New research reported in the journal Nature could lead to new targeted treatments for rheumatoid arthritis (RA). The findings showed that guesswork could be taken out of selecting treatments for each patient, and this might one day also be extended to other autoimmune conditions.
The study was led by University of Colorado School of Medicine faculty members Fan Zhang, PhD, and Anna Helena Jonsson, MD, PhD. The Accelerating Medicines Partnership: Rheumatoid Arthritis and Systemic Lupus Erythematosus (AMP: RA/SLE) Network collected inflamed tissue from 70 patients with RA from across the country and the United Kingdom. Jonsson supervised the team of scientists who processed these samples for analysis, and Zhang led the computation analysis of the data. These efforts yielded a cell atlas encompassing more than 300 000 cells from synovial tissue. Further analysis revealed that there are six different subgroups of RA based on their cellular makeup.
“We hope the data will help us discover new treatment targets,” says Jonsson, assistant professor of rheumatology. “We wanted to make it public so that researchers across the country and across the world can continue working on new treatment ideas for rheumatoid arthritis going forward.”
No more guess-and-check
Jonsson, a practicing rheumatologist as well as a researcher, knows that RA patients respond differently to different treatments. Until now, she says, rheumatologists used a “guess and check” method to find a treatment that works for an individual patient.
With the new data and powerful computational classification methods developed by Zhang and the computational analysis team, the researchers were able to quantitatively classify RA types into what they call ‘cell-type abundance phenotypes’, or CTAPs. Developed methods, together with the new cell atlas, can start to identify which patients will respond to which treatments.

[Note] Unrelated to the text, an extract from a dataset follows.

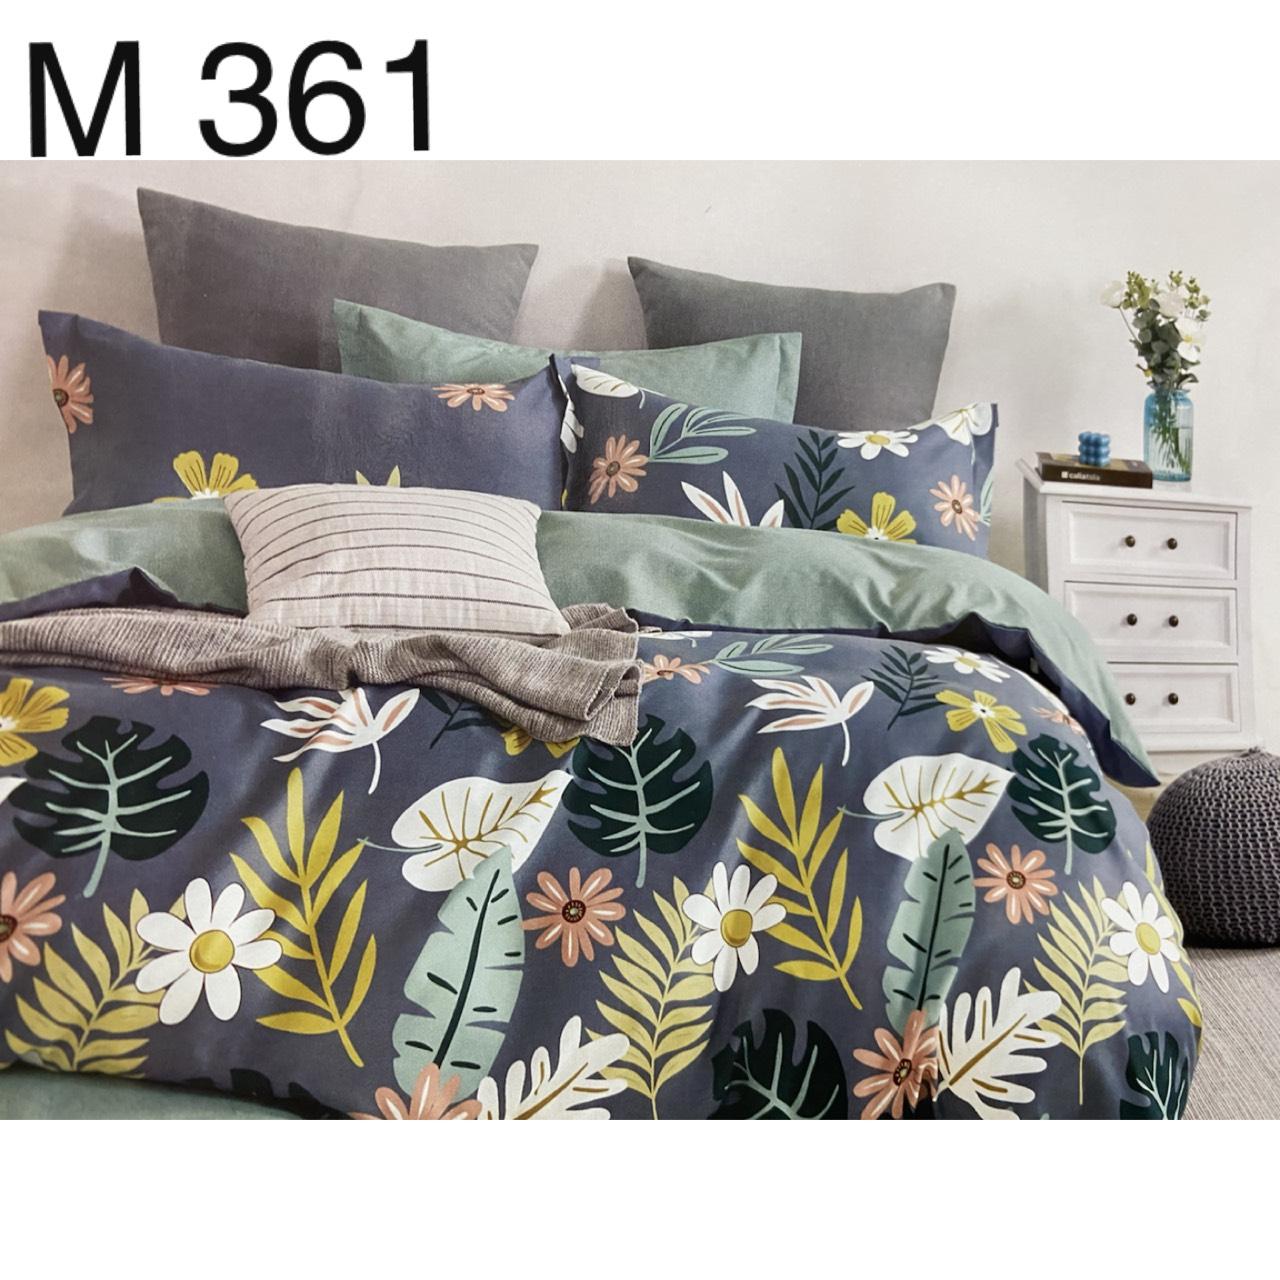 Bộ Chăn Ga Cotton Đũi Loại 1 Hàn Quốc - M361

“Even when you classify rheumatoid arthritis inflammation using these simple markers – T cell markers, B cells, macrophages and other myeloid cells, fibroblasts, endothelial cells – what we found is that each of those categories is associated with very specific kinds of pathogenic cell types we’ve already discovered,” Jonsson says. “Previous rheumatoid arthritis research found that T cell populations called peripheral helper T cells are relevant in rheumatoid arthritis, as are B cells called antibody-producing B cells, and other specific cell types. What we found is that they’re usually not found all together.
“For example, the peripheral helper cells are found with the B cells in only one category of RA, and the pathogenic macrophage populations tend to exist in a different category. Because of this, we can start asking questions about how these specific partners work together.”